Популярное

Почему ВАЖНО Знать, что такое Биологическая Ценность Белка?

Я думаю все прекрасно знают, что белок – это важнейший компонент для каждой клетки нашего организма. Практически все, что мы визуально лицезреем в зеркале, состоит из белковых молекул: волосы, ногти, кожа и др.

Люди, которые хотят быть здоровыми и активными на протяжении всей своей жизни, должны не только отказываться от вредных привычек и заниматься спортом, но и грамотно составлять свой рацион питания с использованием лучших источников белка, углеводов и других макро- и микронутриентов. Как раз таки о том, как извлечь максимальную пользу от белка, и какие источники белка являются наиболее полезными и эффективными, мы поговорим в этой статье.

Что Такое БЕЛОК?

Фитнес модели муж и женского пола на фоне молекулы белка

В бодибилдинге и фитнес индустрие в целом белок играет огромное значение для каждого атлета. Несмотря на цели, которые приследует человек в тренажерном зале, белок одинаково необходим как при наборе мышечной массы или ее поддержании, так и для похудения. Да-да, вы не ослышались, белок крайне необходим для сжигания лишенго жира с разных участков тела: живот, подмышки, бедра, ягодицы и так далее.

Без потребления достаточного количества протеина (он же белок), сам процесс похудения будет не эффективным для человека. Дело в том, что достаточное потребление белка способствует повышенному метаболизму, снижению аппетита и стимуляции выработки некоторых гормонов, которые меняют гормональный фон и способствуют снижению веса.1 2

Если вы регулярно ходите на тренировки в тренажерный зал и работаете с дополнительным весом, белок более чем необходим. Видите ли, одной из функций белка является восстановление мышц, то есть их “ремонт” после того, как вы в тренажерном зале хорошо позанимались и создали тем самым микро разрывы мышечных волокон. Если быть короче, без белка не будет ни мышц, ни результатов.

Поэтому, ежедневное потребление достаточных объемов белковой пищи поспособствует не только крепкому здоровью, но и поможет нарастить мышцы или убрать жировые отложения. Кстати, именно по этому, мы не рекомендуем использовать диеты для похудения, которые ограничивают либо же практически полностью исключают прием белка, за исключением лечебного голодания и очистки организма.

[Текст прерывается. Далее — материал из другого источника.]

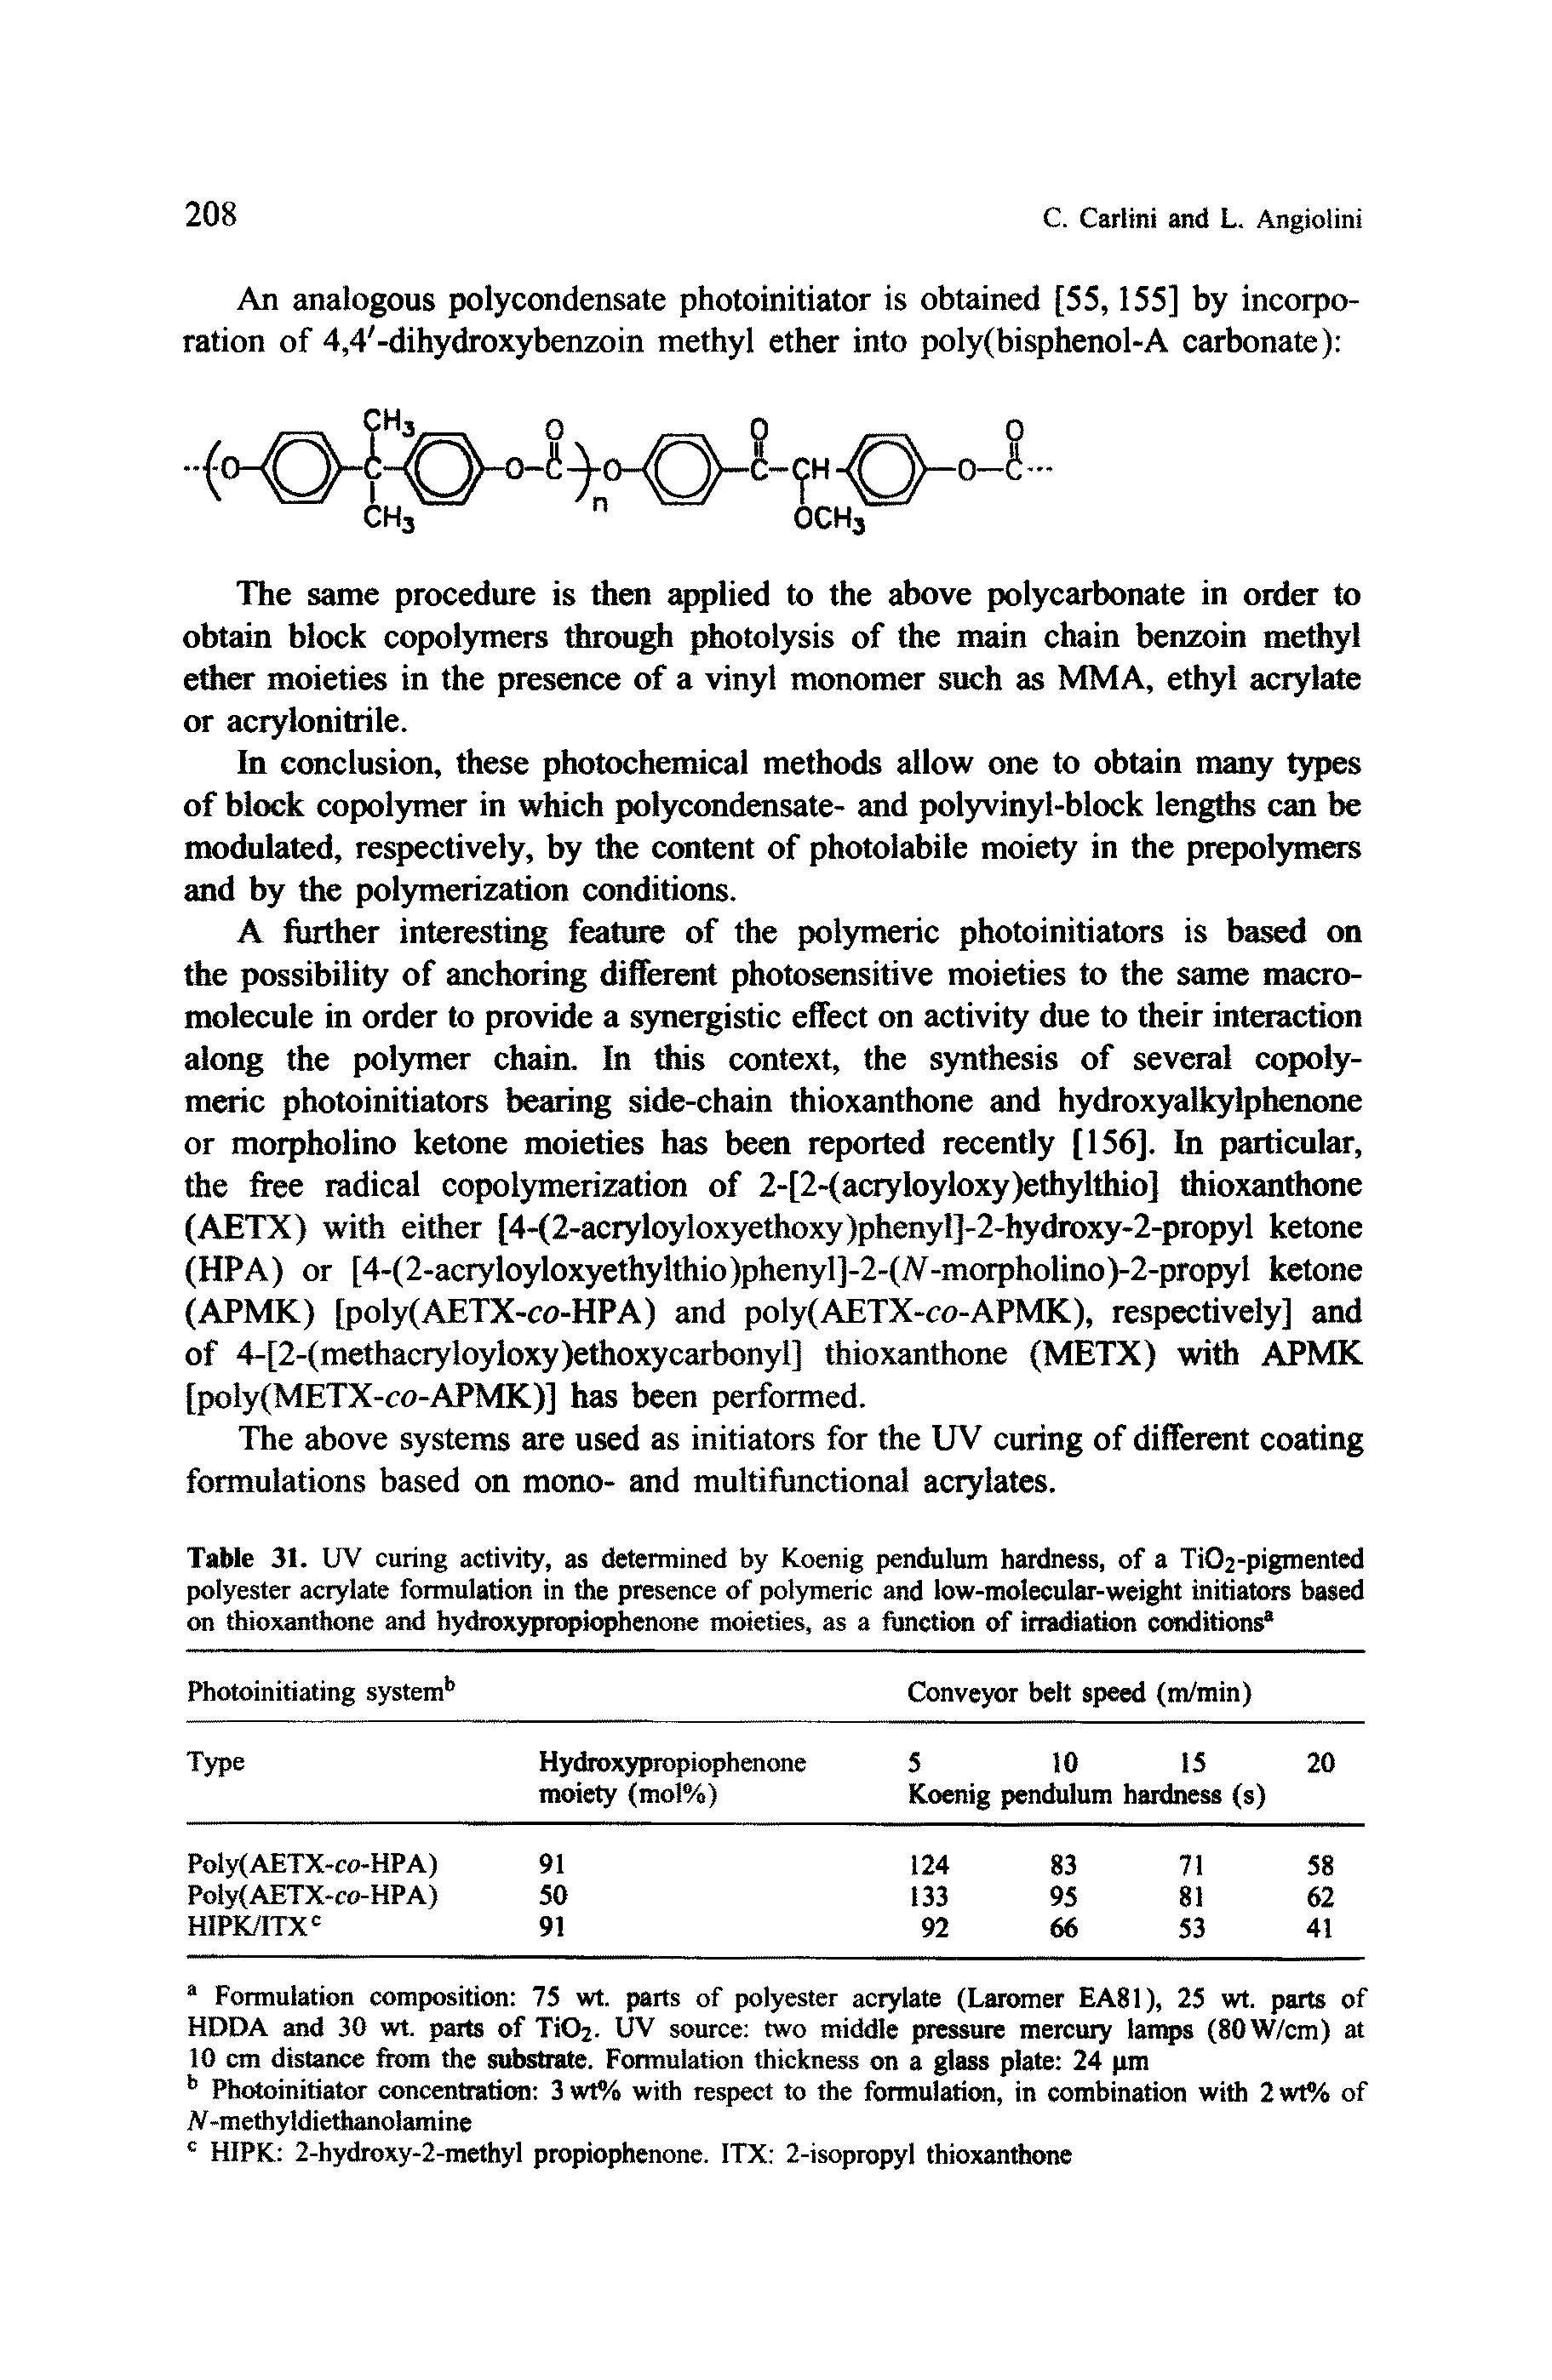 Table 31. UV curing activity, as determined by Koenig pendulum hardness, of a Ti02-pigmented polyester acrylate formulation in the presence of polymeric and low-molecular-weight initiators based on thioxanthone and hydroxypropiophenone moieties, as a taction of irradiation conditions ...

Как ПРАВИЛЬНО Выбрать Белковую Пищу?

Даже если вы потребляете достаточное количество белковой пищи, это еще не означает, что вы делаете все правильно. Дело в том, что как и в случае с углеводами и жирами, которые бывают как хорошими, так и плохими, белок также следует потреблять из правильных продуктов питания. От этого будет зависить, насколько быстро усвоится белок, положительно ли он повлияет на ваш организм и так далее. Сейчас вы поймете, о чем идет речь.

Многие ошибочно полагают, что источник потребляемого белка не имеет никакого значения, главное – это придерживаться потребления суточной нормы протеина, которая бывает разной для отдельного человека и расчитывается в зависимости от веса тела и физической активности. В реальности, продукты с повышенным содержанием белка необходимо разделять в сутках, так как некоторые из них усваиваются быстрее, а другим нужно время для полного поглащения и расщепления организмом.

К примеру, творог и яйца лучше кушать на завтрак, так как эти продукты содержат полноценный белок, который быстро усваивается и попадает в организм для дальнейших метаболических махинаций. А вот животное мясо лучше кушать в обед или вечером за 3-5 часов до сна, так как мясо имеет свойство долгого переваривания и если вы съедите его перед сном, то попросту не сможете нормально заснуть. А если мясо съесть сутра, то настройтесь на вялый и не продуктивный день. Кроме того, мясные продукты лучше всего потребялть с достаточным количеством зелени, которая способствует лучшему перевариванию такой тяжелой пищи, облегчая предстоящую работу для кишечника. Вы можете более подробно ознакомится с принципами правильного питания здесь.

Заменимые и Незаменимые АМИНОКИСЛОТЫ

Это, так сказать, дополнительная информация, которая поможет вам определиться с правильными источниками белковой пищи. Как вы знаете, после поступления белков в организм, они постепенно расщепляются на аминокислоты. Они бывают двух типов, заменимые и незаменимые.

Заменимые аминокислоты – это те, которые наш организм может синтезировать самостоятельно.

Незаменимые – как вы уже поняли, это аминокислоты, которые наш организм не может выработать самостоятельно. Такие кислоты поступают только из продуктов питания или из спортивных добавок.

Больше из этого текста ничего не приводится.